雄激素性秃发（Androgenetic alopecia，AGA）是一种非瘢痕性、进行性毛发减少的疾病，表现为雄激素依赖性脱发障碍。在AGA中，睾酮代谢物双氢睾酮（dihydrotestosterone，DHT）作用于易感毛囊（hair follicle, HF），使HF的生长期缩短，休止期延长，进而导致HF微型化。

皮肤表面有各种各样的皮肤微生物群，包括细菌、真菌和病毒。皮肤微环境和微生物群落之间复杂的相互作用对于维持皮肤稳态至关重要。

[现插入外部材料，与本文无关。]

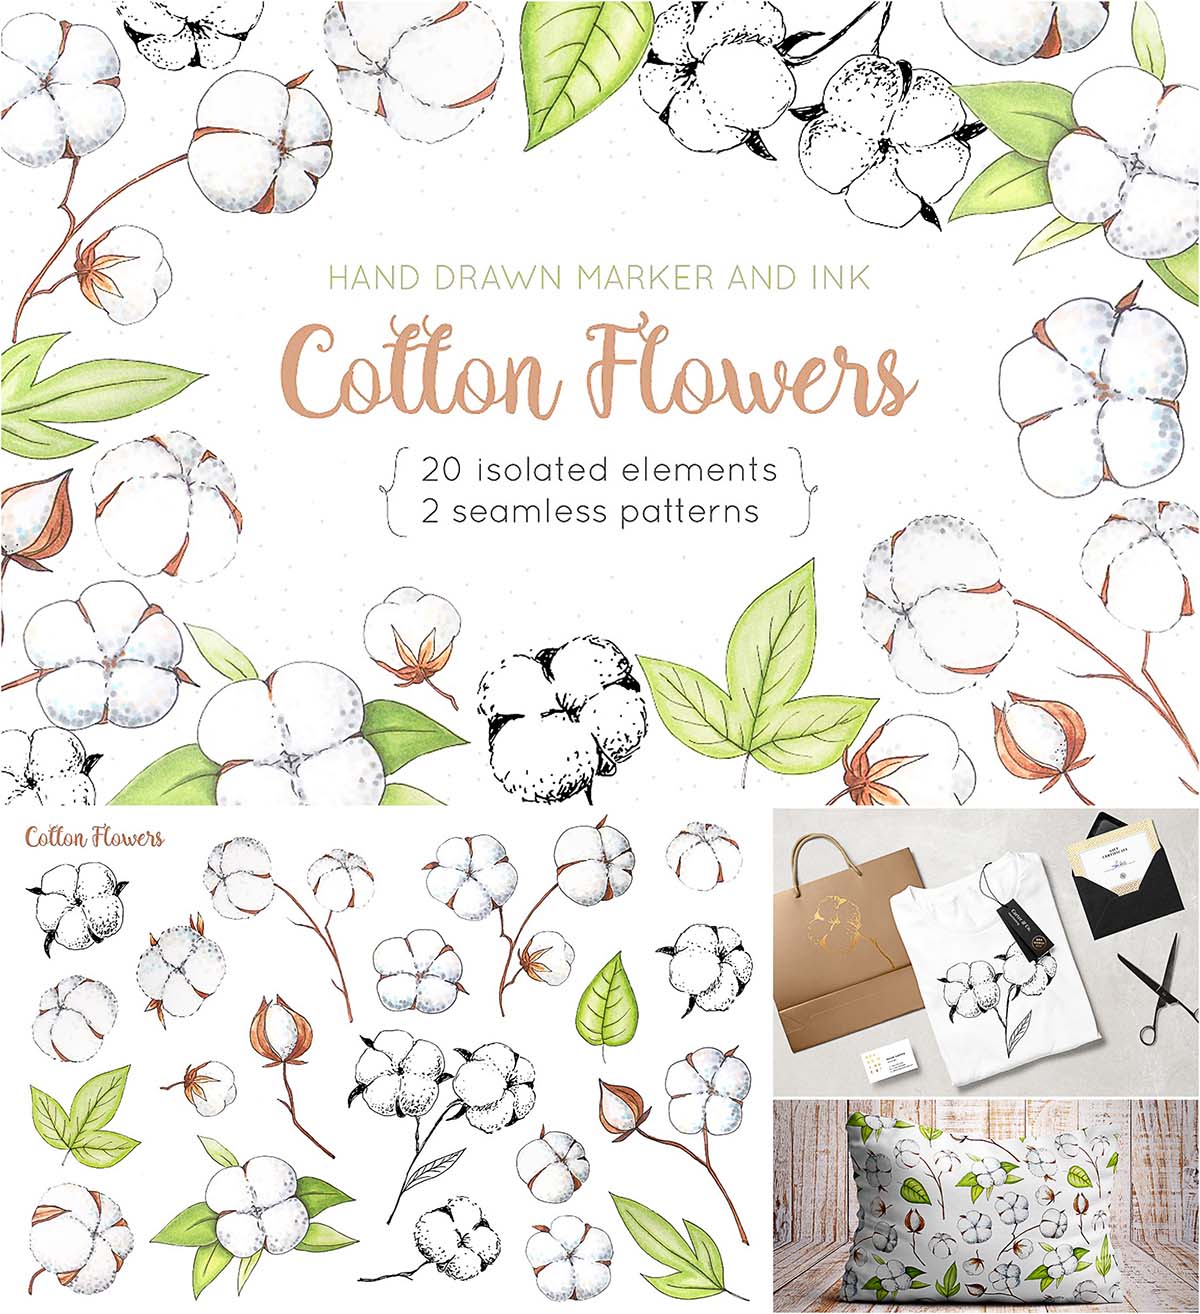 Cotton flowers illustrations and patterns set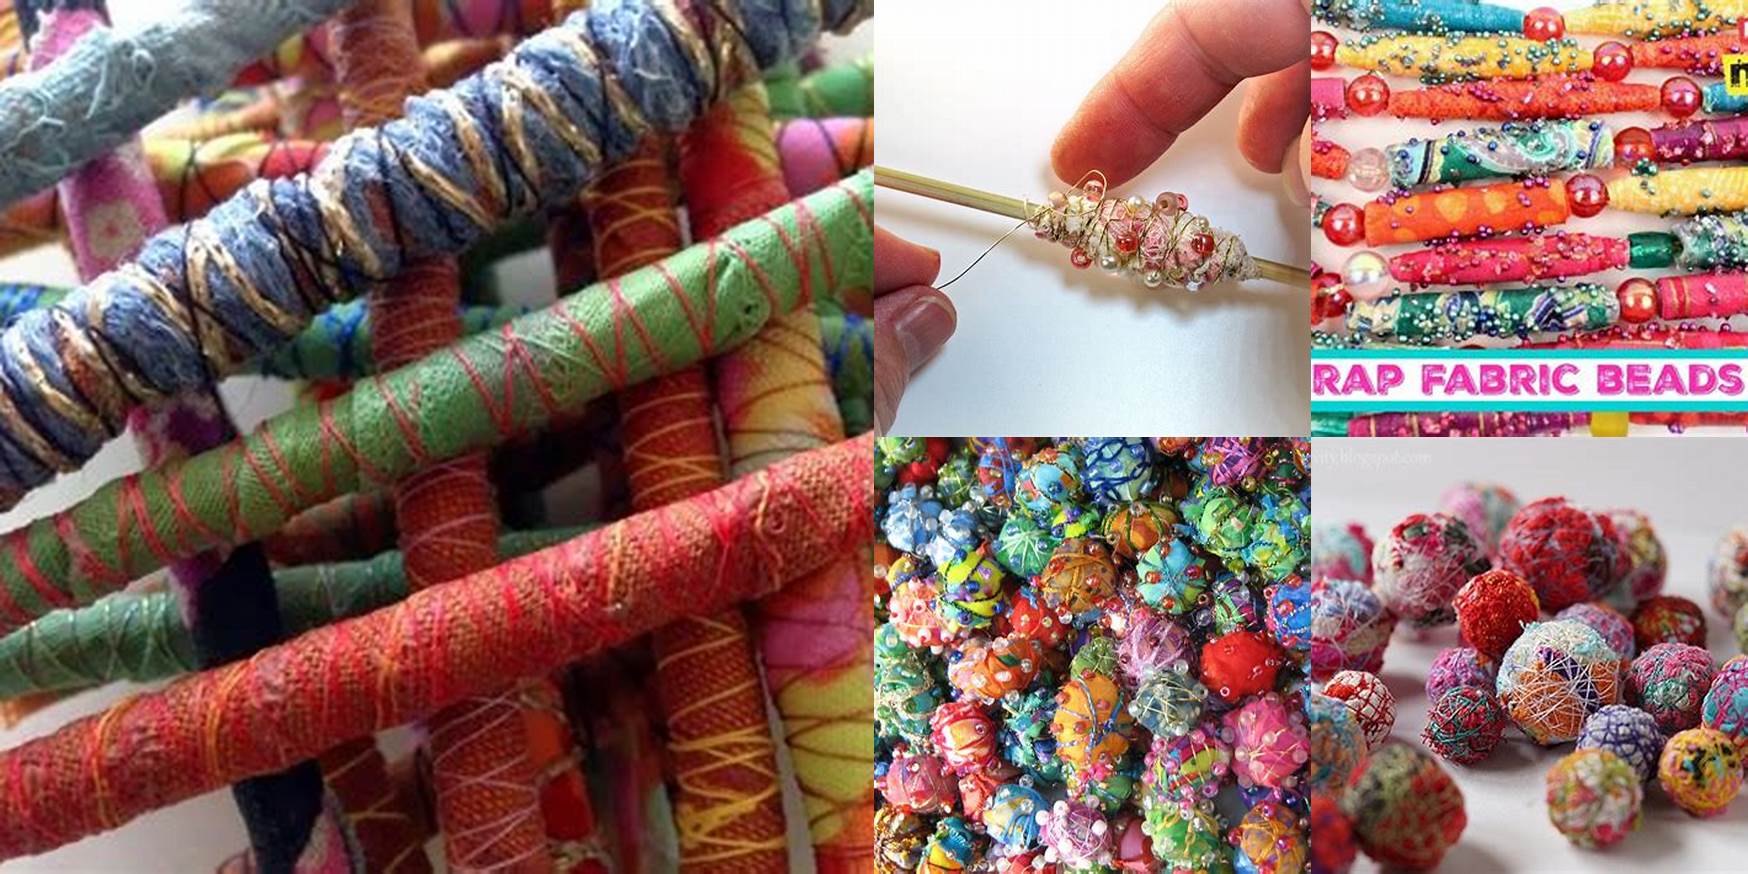 How To Make Beads From Fabric

同时，皮肤微生物组还可影响皮肤的生理病理过程。HF与皮脂腺共同组成毛囊皮脂腺单位，形成了特殊的高脂环境。许多研究已经证实，在HF开口和上部存在大量细菌和真菌，在深层的毛球部位也存在少量菌群。毛囊及毛囊周围正常菌群的定植对维护皮肤稳态具有重要作用。如果出现菌群紊乱，可能打破原有的免疫豁免状态，导致炎症浸润引发多种毛发疾病，例如细菌毛囊炎，慢性毛囊疾病如斑秃和扁平苔藓等。因此，探究头皮菌群在毛发疾病中的作用和机制非常重要。

目前尚无研究揭示头皮菌群异常在AGA发病中的作用，本课题拟探索皮肤菌群在健康者及AGA患者中的差异，探究头皮菌群失衡在AGA的发病中的作用和机制，以期为后续治疗提供方向。

第一部分 雄激素性秃发小鼠模型模型的构建

目的：构建雄激素性秃发小鼠模型，并进行不同造模方式的比较。

方法：通过对6周龄C57/BL6小鼠进行脱毛后，采用以下几种方式构建AGA小鼠模型，包括皮下注射DHT（1mg/天），腹腔注射DHT（1mg/天），皮下注射睾酮（0.5mg/天）及腹腔注射睾酮（0.5mg/天），通过大体形态学和组织病理学观察小鼠的毛发生长情况、毛囊数量、毛发直径等。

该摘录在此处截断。